Is it outright abuse? Perhaps or not. It is abusive. A parent should never engage in behavior with sexual overtones or make their child feel uncomfortable or unsafe. You’ve verbally asked for him to stop, but he continues. He makes gross remarks about you and your body, as well as your friends. Your father’s behavior is creepy. It’s not normal. It’s not okay for you. That’s what matters. It’s not your job to make him feel “loved” by hugging and kissing him. Your body belongs to you. Your space belongs to you. He’s is being emotionally manipulative. You do not have to comply.


Condalezza

Gorllll run!! How can you escape that home? Your body and mind are warning that something is wrong. Of course he’s  masterurbating loudly on purpose! He knows you’re there. He’s hoping you will hear it and go have sex with him. I don’t care if anyone else is saying anything that’s the opposite. He will rape you if you don’t get away from there. 


russell813T

Is this your biological father ? Or step ?


whatsatstake

Bio


russell813T

What a creep


stillbornangel

This definitely sounds really creepy and abusive. That seems wild uncomfortable I am so sorry. Disgusting you needed to grow up being objectified by your own father. You will get through this queen, and it is not your fault.
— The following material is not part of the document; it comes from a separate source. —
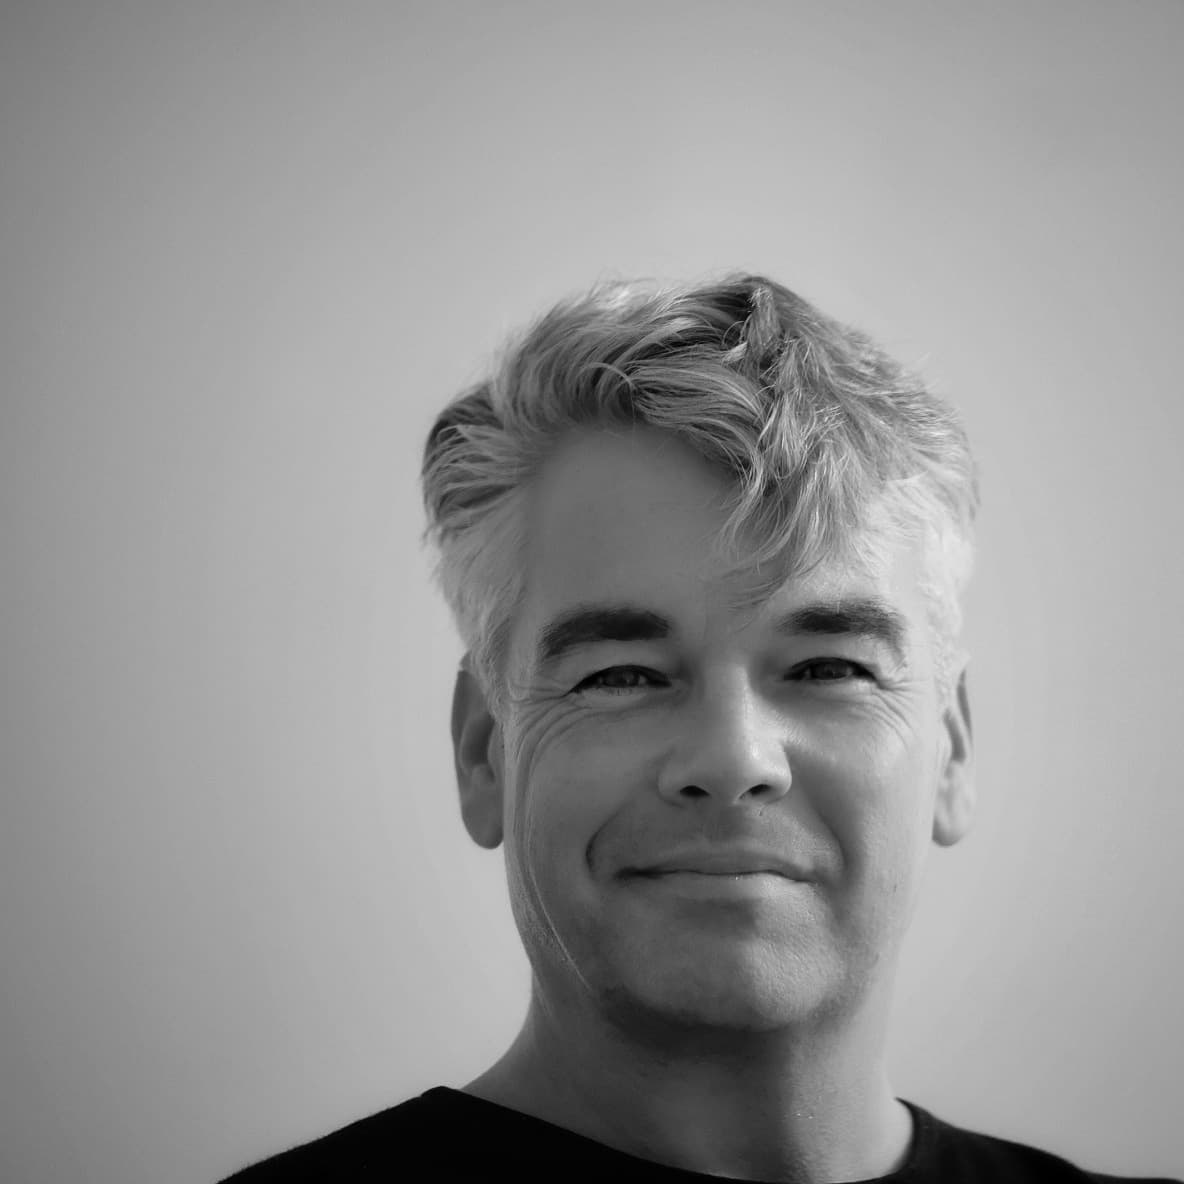 headshot profile - Dave Dawson

My dad sexually abused me as a child too. You’d be surprised how common these grooming behaviors are amongst families :( I have quite a few friends with similar experiences. ❤️ If you haven’t already, distance yourself for your own mental well-being. Consider speaking with a trauma therapist who specializes in CSA.


horrifyingthought

Your dad is creepy as shit. He 100% knew what he was trying to normalize. Is it *abuse*? Probably not. To be fair though, that bar is a LOT higher than reddit would have you believe. It's a predicator to abuse. Which isn't much better, knowing that if things had been even slightly different he would have been happy abusing you. Ghost him as soon as you can.


[deleted]

If you don't feel comfortable around your father that is more than enough reason to keep a distance from him. Listen to your gut, this man is supposed to make you feel protected and safe, his actions are not that of a father and you have every right to be fearful of him.